__Your assignment__
Using the entries below, copy exactly each line from the line with "building in songdo park neaer incheon, korea" up to and including the line with "Support Mass Media Activities", with every picture left out.

__Exercise materials__
= = = = =
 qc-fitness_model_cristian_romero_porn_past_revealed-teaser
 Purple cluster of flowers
= = = = =
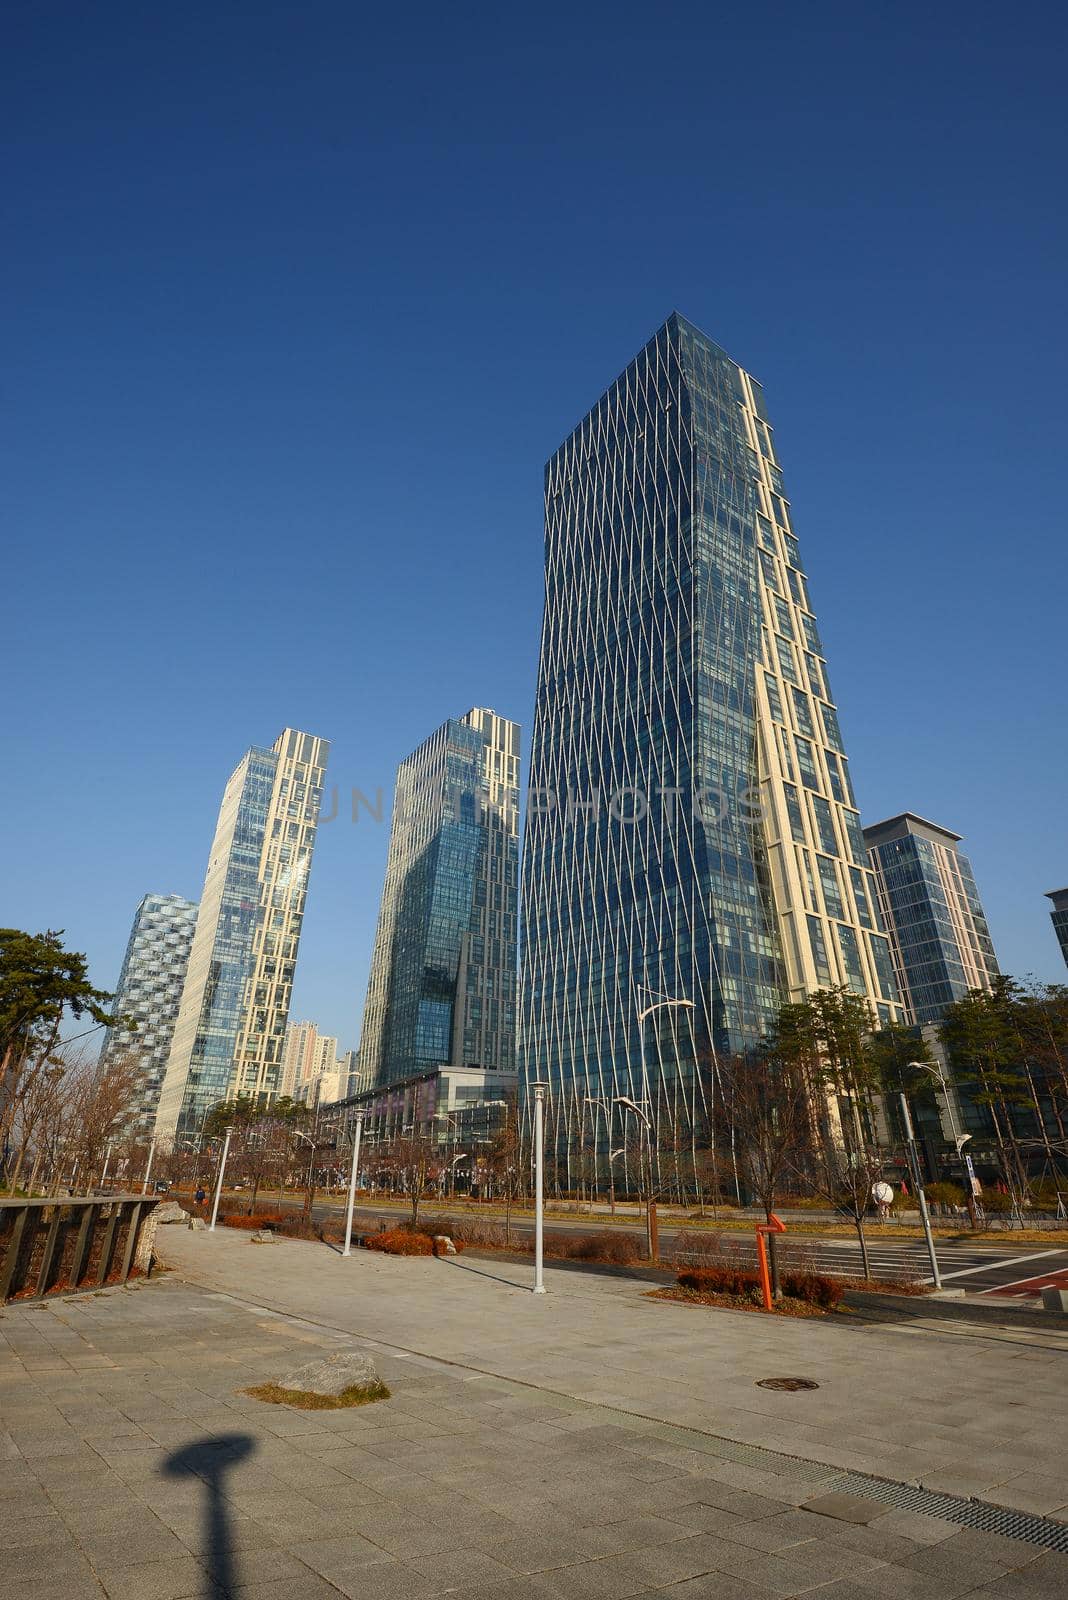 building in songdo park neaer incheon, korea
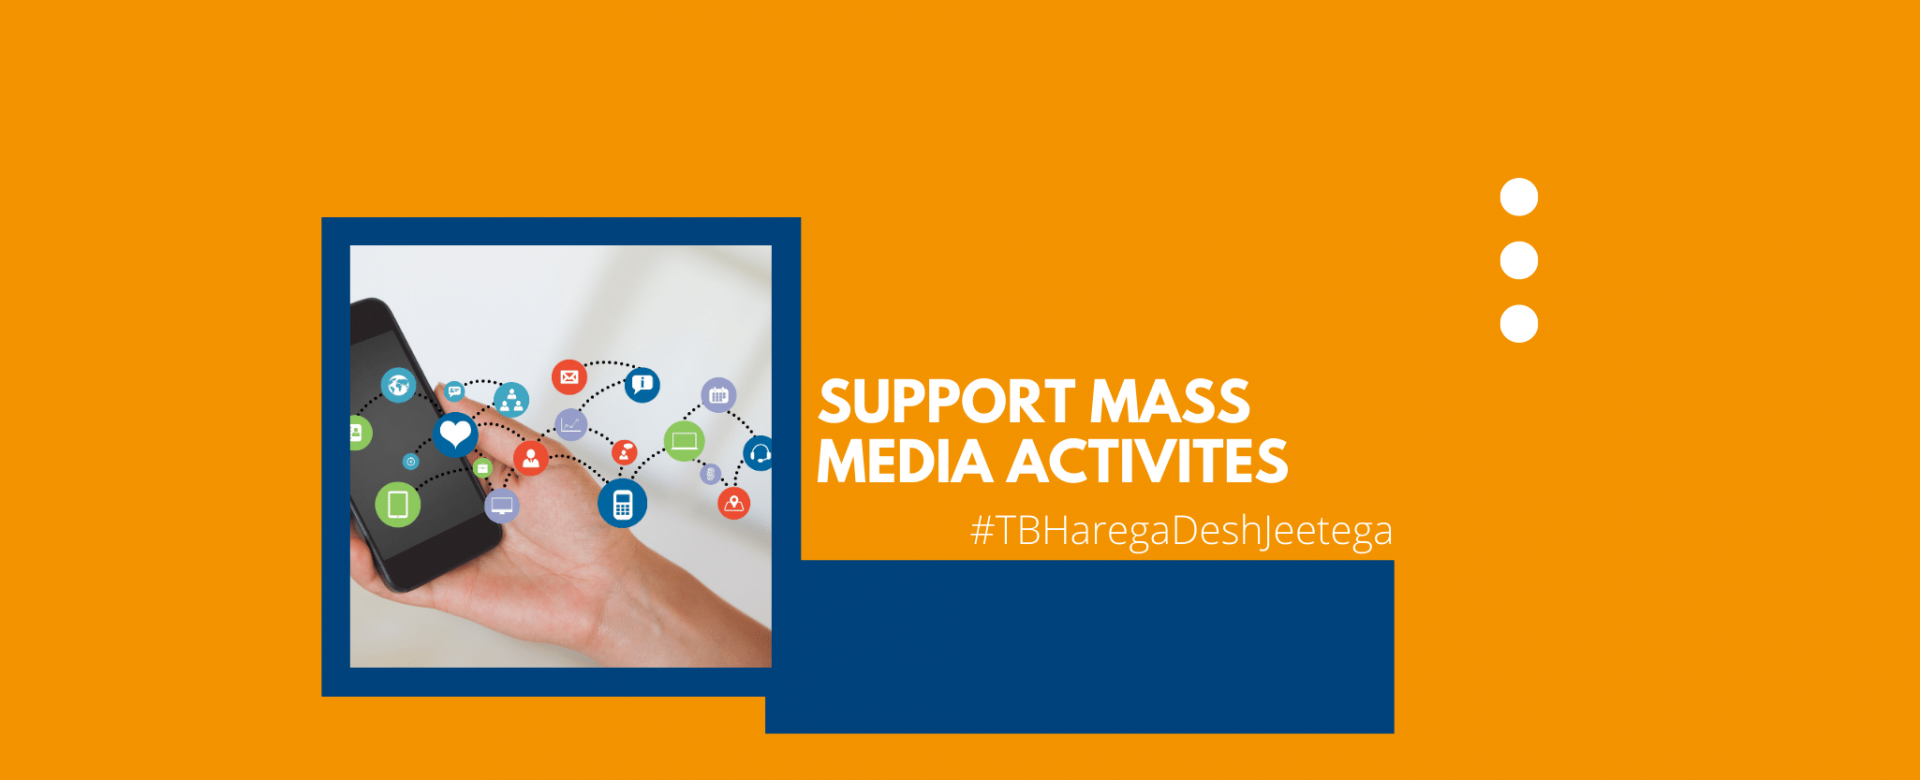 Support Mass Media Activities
= = = = =
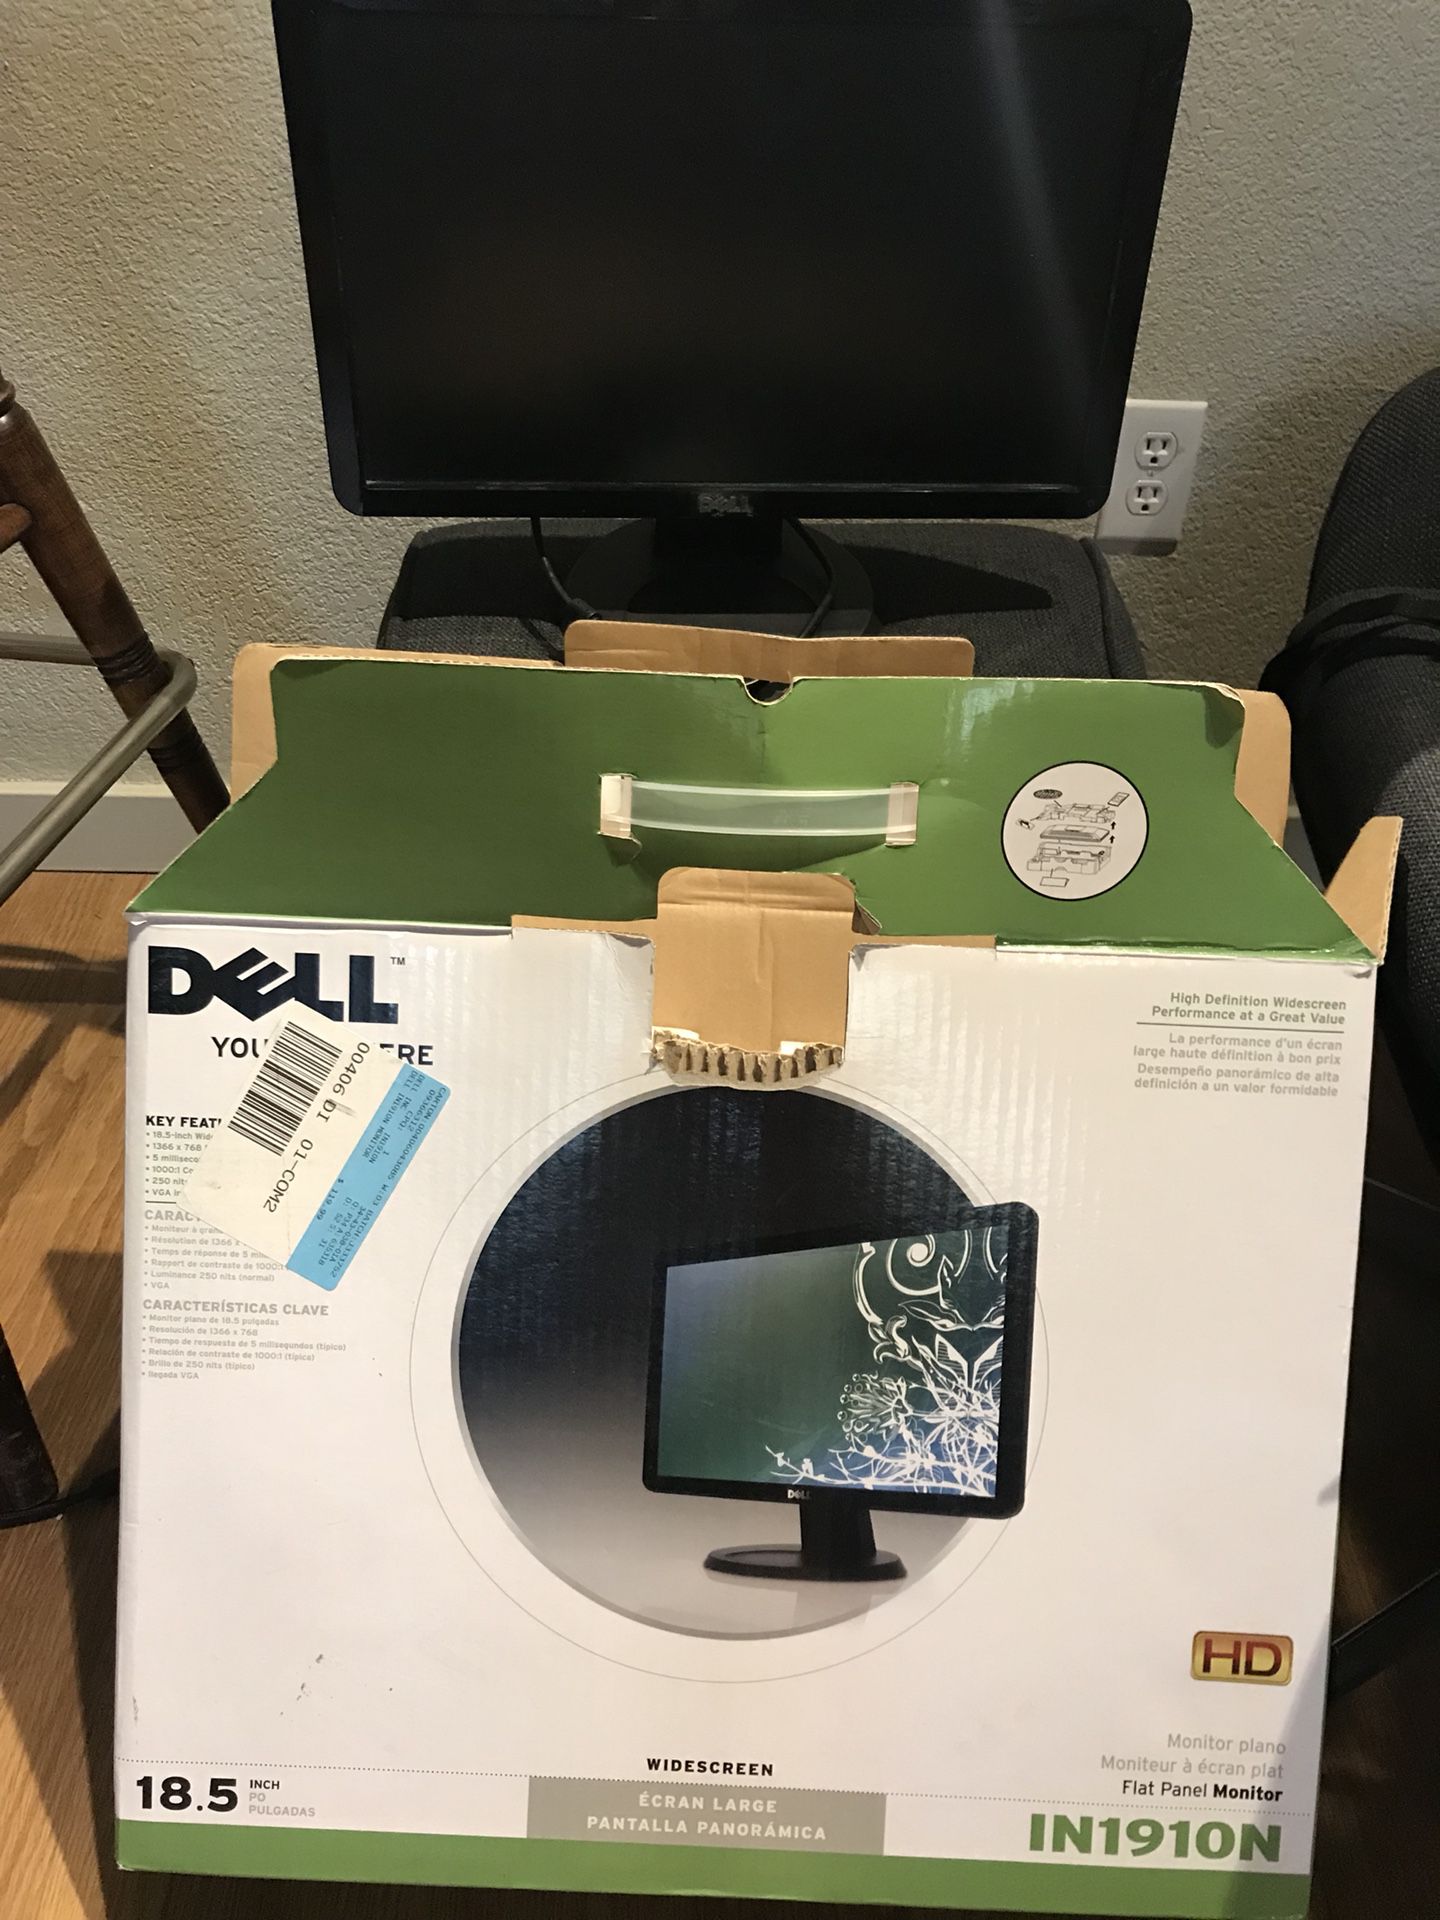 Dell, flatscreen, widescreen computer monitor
= = = = =
__Written solution__
 building in songdo park neaer incheon, korea
 Support Mass Media Activities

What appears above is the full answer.